Explicó  que el contexto electoral en el que se difundió el mensaje  había aumentado su resonancia, incitando claramente a la  discriminación y al odio racial pues sus palabras  inevitablemente suscitaban  «entre  el público y, concretamente, entre el público menos  informado, unos sentimientos de desprecio, incluso de rechazo y, en  algunos casos, de odio respecto a los extranjeros».  

Aunque  no niega  

[q]ue  los partidos políticos tienen derecho a defender públicamente  sus opiniones, incluso si algunas de ellas ofenden, chocan o  inquietan a una parte de la población. Pueden pues recomendar  soluciones para los problemas relativos a la inmigración. Sin  embargo, deben evitar hacerlo promoviendo la discriminación  racial y recurriendo a expresiones o actitudes vejatorias o  humillantes, ya que tal comportamiento puede suscitar en el público  reacciones incompatibles con un clima social sereno y podría  minar la confianza en las instituciones democráticas.  

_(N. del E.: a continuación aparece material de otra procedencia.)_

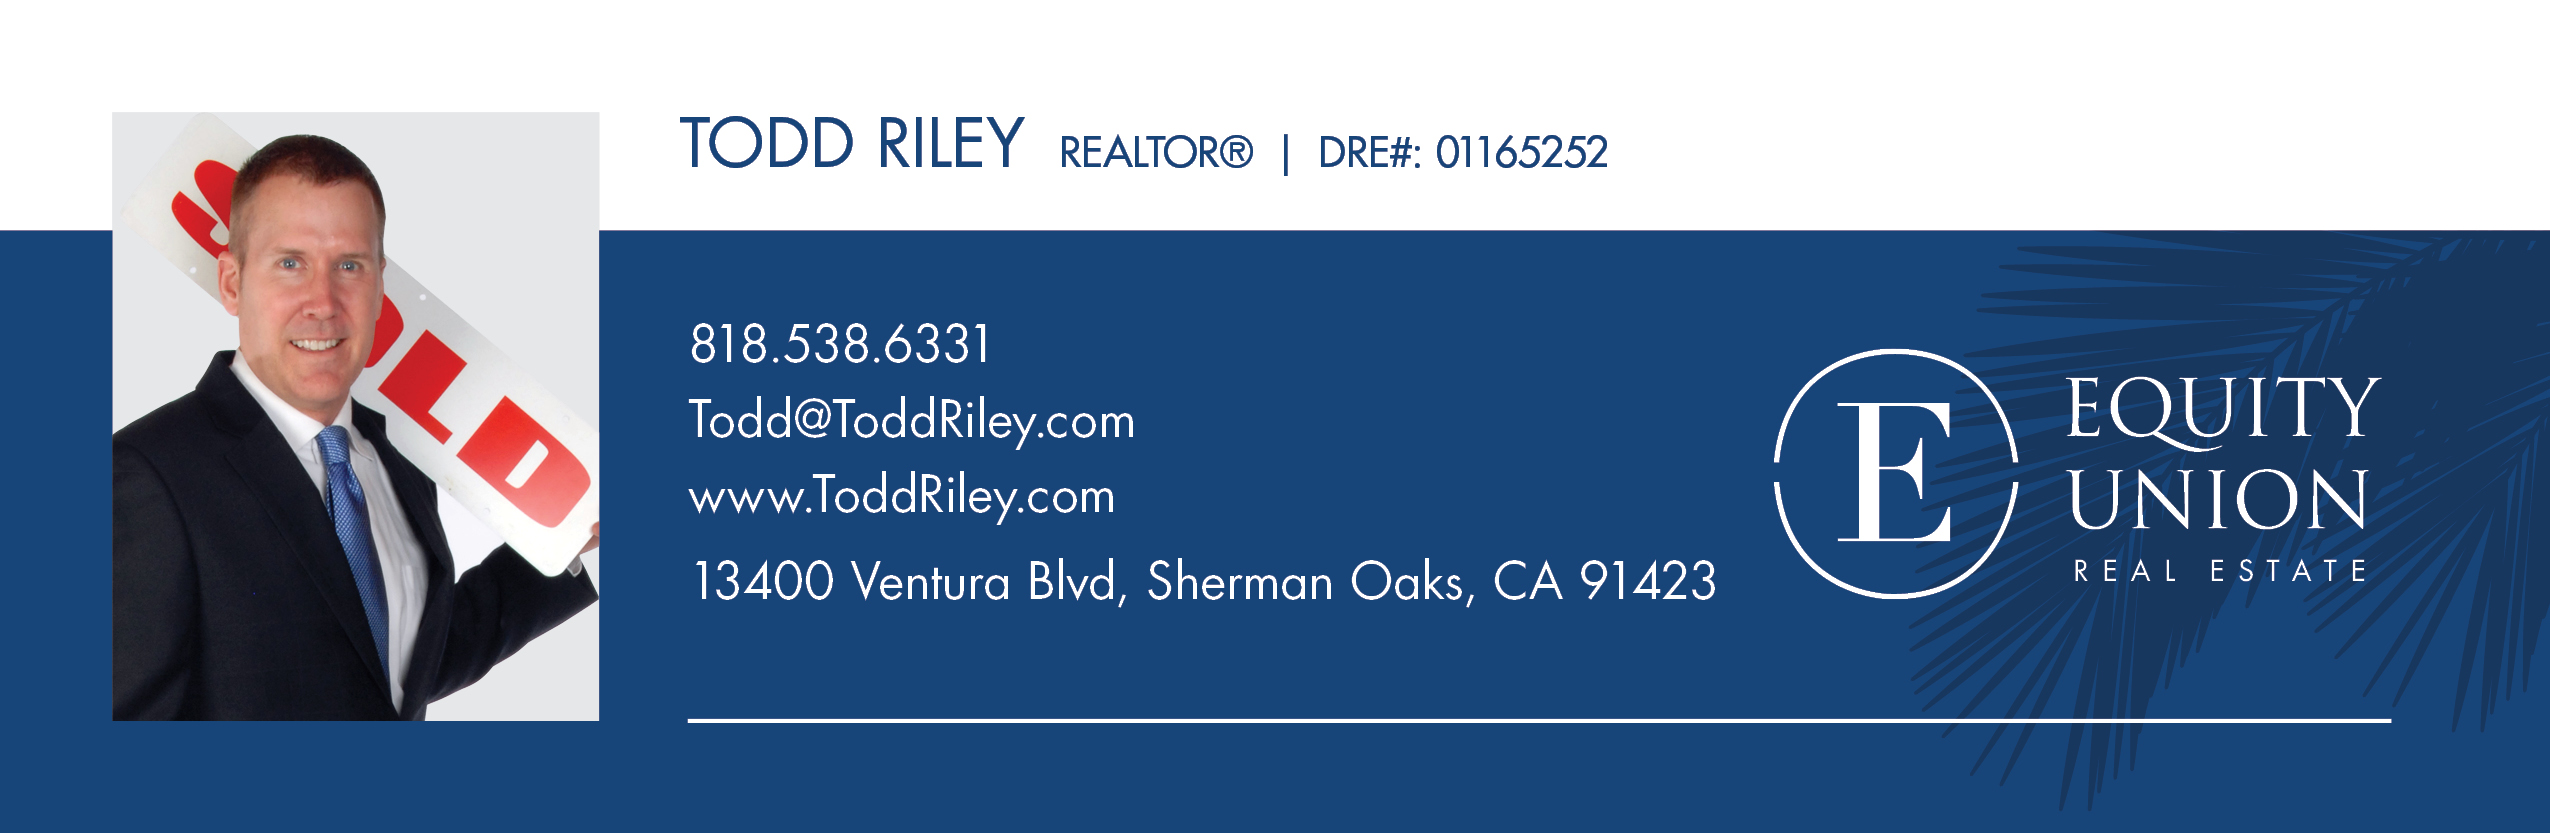 Todd Riley Real Estate Signature

Para  el TEDH,  la condición de parlamentario del demandante no atenuaba su  responsabilidad, por el contrario, le deparaba un especial «deber  de cautela»;  por ello, advirtió  

[q]ue  es de crucial importancia que los políticos, en sus discursos  públicos, eviten difundir palabras susceptibles de fomentar la  intolerancia (Sentencia Erbakan contra Turquía [PROV 2006,  204512], núm. 59405/2000, 6 julio 2006, ap. 64). Estima que  los políticos deberían ser particularmente  escrupulosos, en términos de defensa de la democracia y de sus  principios, puesto que su objetivo último es la propia toma  del poder.  

Y  añadió que  si bien  

[e]n  un contexto electoral, los partidos políticos han de gozar de  una amplia libertad de expresión al objeto de tratar de  convencer a sus electores, en el caso de un discurso racista o  xenófobo, tal contexto contribuye a avivar el odio y la  intolerancia ya que, por la fuerza de las cosas, la posición  de los candidatos a las elecciones tiende a fortalecerse y los  eslóganes o fórmulas estereotipadas tienden a imponerse  sobre los argumentos razonables. El impacto de un discurso racista y  xenófobo es entonces mayor y más dañino.  

            

* Vejdeland          y otros contra Suecia (demanda          Nº 1813/07, sentencia de 9 de febrero de 2012): la decisión          contiene como sustrato fáctico que cuatro jóvenes,          miembros de una organización llamada National          Youth,          ingresaron a un centro de educación secundaria          sueca y distribuyeron entre los          estudiantes folletos que contenían afirmaciones tales como          que la homosexualidad era una «tendencia          sexual desviada»          con «efectos          morales destructivos de la esencia misma de la sociedad»,          que «el          VIH y el SIDA habían aparecido primeramente en los          homosexuales y que su estilo de vida promiscuo era una de las          mayores razones de que esta plaga moderna continuara existiendo»,          y que «los          lobbies homosexuales estaban intentando quitar importancia a la          pedofilia»,          hechos por los cuales fueron condenados por la jurisdicción          de su país.  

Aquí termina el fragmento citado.